Yes it is a book by a non-Anglo criticising Islamic radicalism and Western cultural Marxism. Fancy that.

by Ferdinand III




Phares is a former Muslim and academic who has studied Islamic radicalism and jihad for over 20 years. Originally from the Middle East, Phares has first hand experience with the doctrines of radical Islamic ideology and the struggle between East and West over ideas. He views fundamentalist Islam as a monumental threat to civilisation – a threat premised on ideas and culture more than military power. He is equally as certain that the West's Marxist-Liberalism and politically correct fascism, is culturally neutering us from within; allowing Islamic jihadists time and space to further their quest for world domination.

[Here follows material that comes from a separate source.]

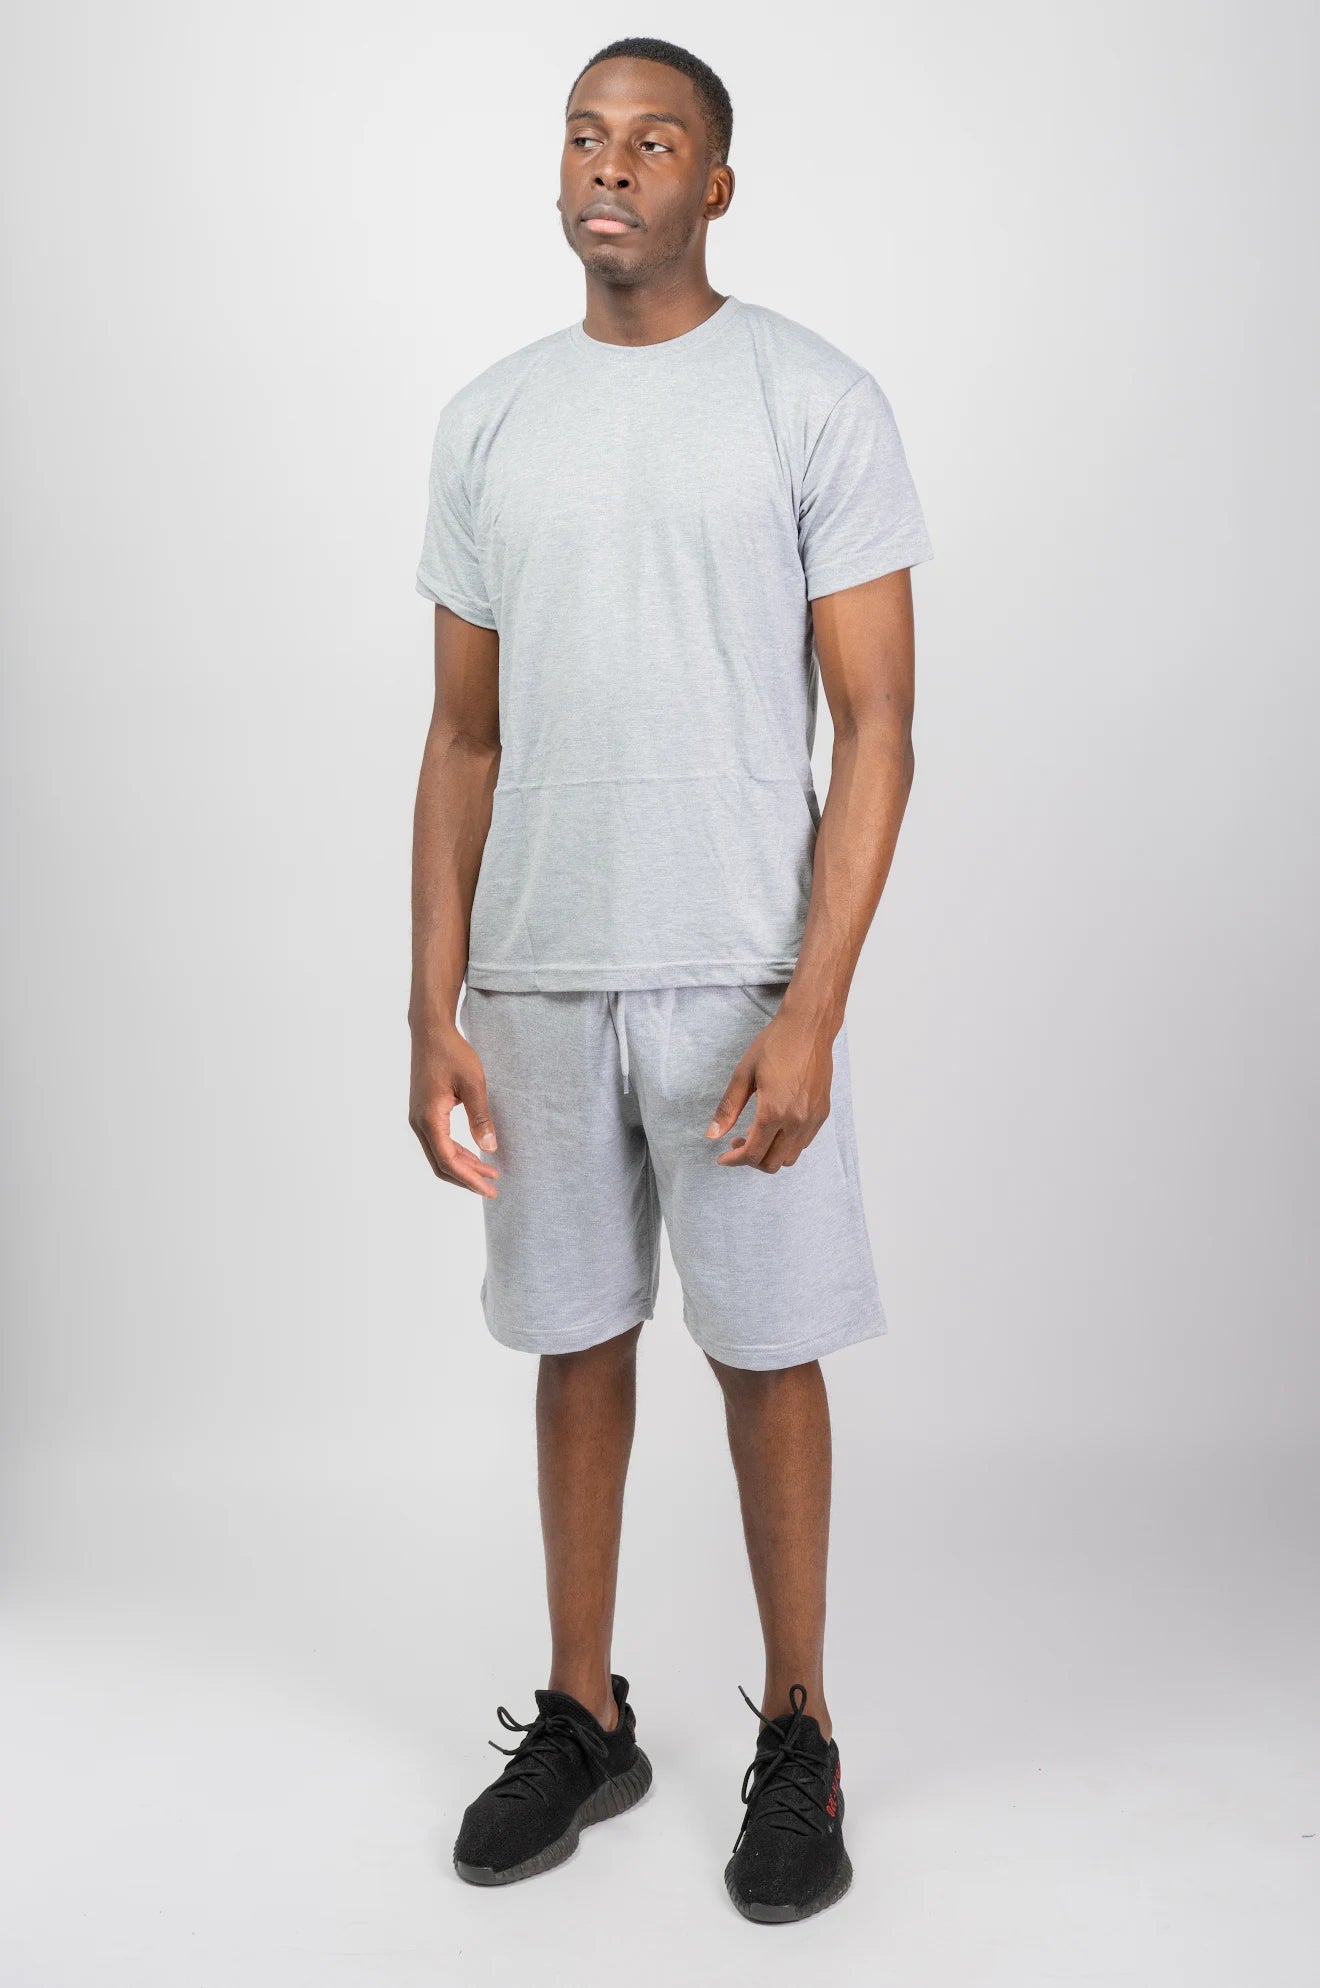 grey t-shirt and short sets

Phares is certain that this world war is about ideas, more than it is about relative military, technological or economic power. He puts it thus, 'Particularly in the Arab Muslim nations, the War of Ideas is raging. It has inflamed millions of readers, viewers and listeners, tranforming large numbers of them into militants and demonstrators, some into suicide bombers, and many into voters [for radicals].' If this is true, and it certainly appears to be, than some obvious facts reveal themselves. Phares cites them all:

-Western elites have failed to name the enemy in the war of ideas. For some of the elite the conflict is against terror; for others it is not a war but American imperialism; for others it is about oil; for some Christians it is retribution visited on the unholy by God through radical Islam. There is no single theme.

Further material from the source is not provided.